The UN reiterated their support for a Jewish state in UN Resolution 181 in November 1947 and the Arab world rejected a two-state solution of an Arab state with a Jewish state. Israel only came into existence in a fight for its survival without a single ally, as President Truman would not provide arms to Israel.  

After Palestinian Arab rioting in Hebron in 1929 massacred 67 Jews — in similar fashion to the October 7 massacre — led to the British policy of allowing Arab immigration while restricting Jewish immigration, a bipartisan majority of 15 members of the US House Foreign Affairs Committee declared in a public letter that the British White Paper violated the Anglo American Treaty. In the end, the Palestinian Arab rioting led to the British White Paper which gave Jews no place to go to escape Hitler. The result was six million Jewish deaths.

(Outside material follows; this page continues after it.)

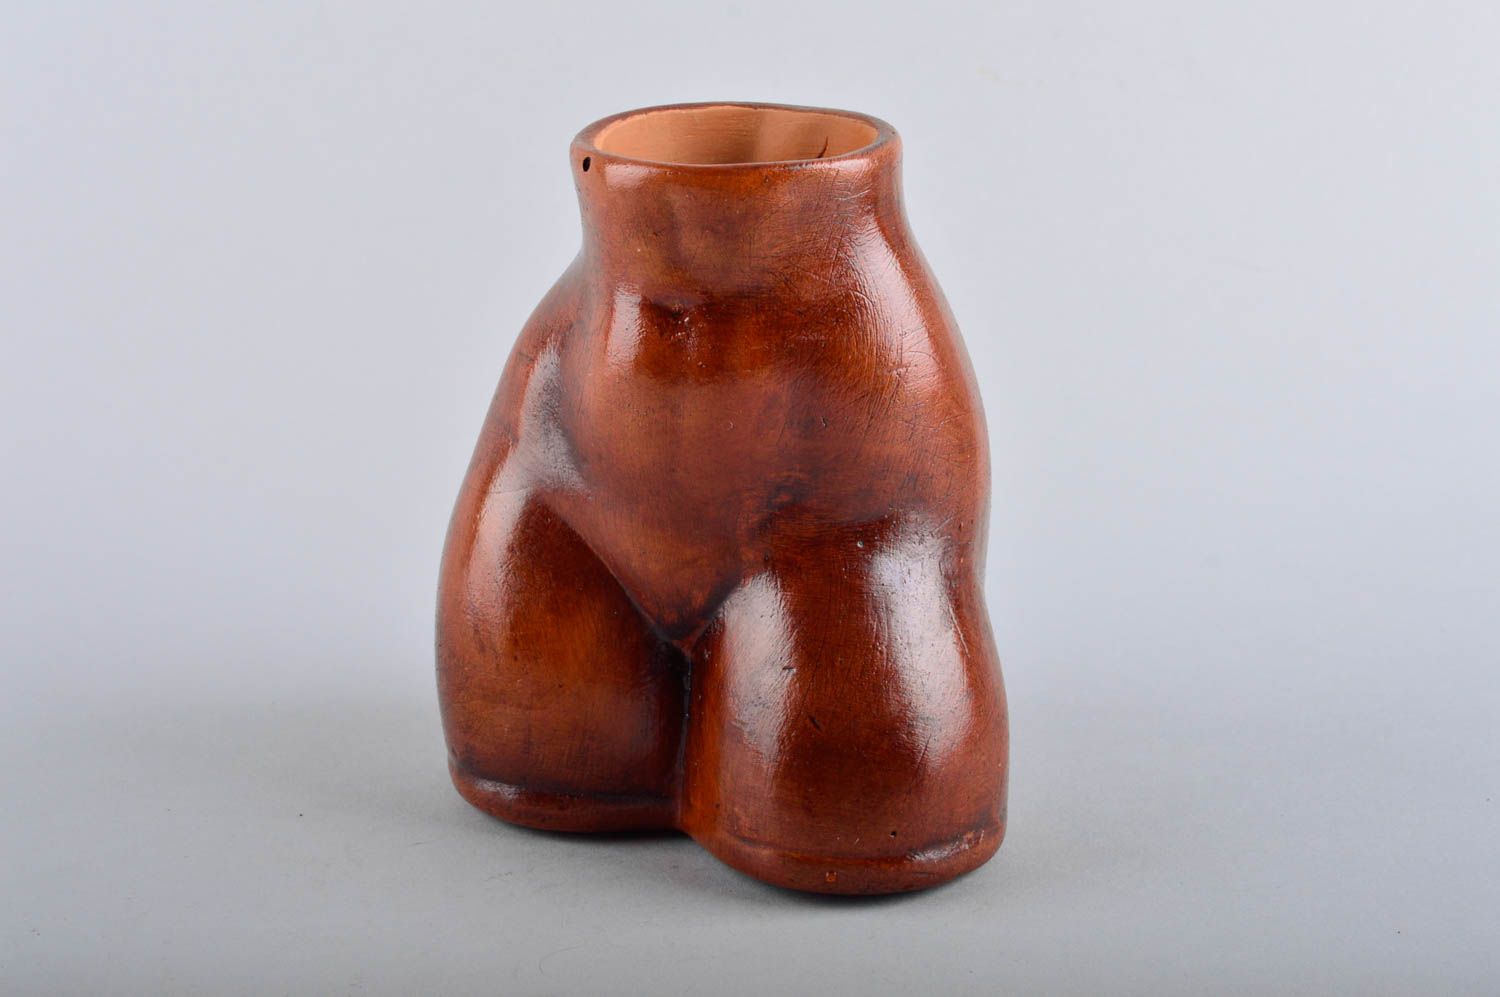 15 oz ceramic brown clay vase jug 4 inches tall 0,81 lb photo 2

The Holocaust had nothing to do with the establishment of the State of Israel and if anything there was greater world support for Israel before the Holocaust, when US Presidents Wilson, Teddy Roosevelt, Harding, Coolidge and Hoover were all counted among supporters of the establishment of a Jewish state. President Truman recognized Israel, but refused to give Israel arms in 1948 in its War of Independence after being attacked by many Arab countries. President Johnson refused to assist Israel in the Six Day War in 1967 as well.   

In our new book “Because It’s Just and Right – The Untold Back Story of the US Recognition of Jerusalem as the Capital of Israel and Moving the US Embassy to Jerusalem” with a foreword from Senator Jon Kyl and blurbs from Senator Joe Lieberman, Alan Dershowitz, Ambassador David Friedman, Governor Mike Huckabee and others, my co-author Len Grunstein and I present the overwhelming case for the Jewish right to Israel and Jerusalem.  The book is on Amazon and the website is jerusalemrecognition.com.

American support for Israel has never been greater, with 74% of Americans supporting Israel in its fight against Hamas. However, the street is being taken over by the minority of haters of Jews and Israel. We need to know the justice of our claims to win this fight not just for Israel but against the rise of antisemitism as well, which is rooted in opposition to Israel.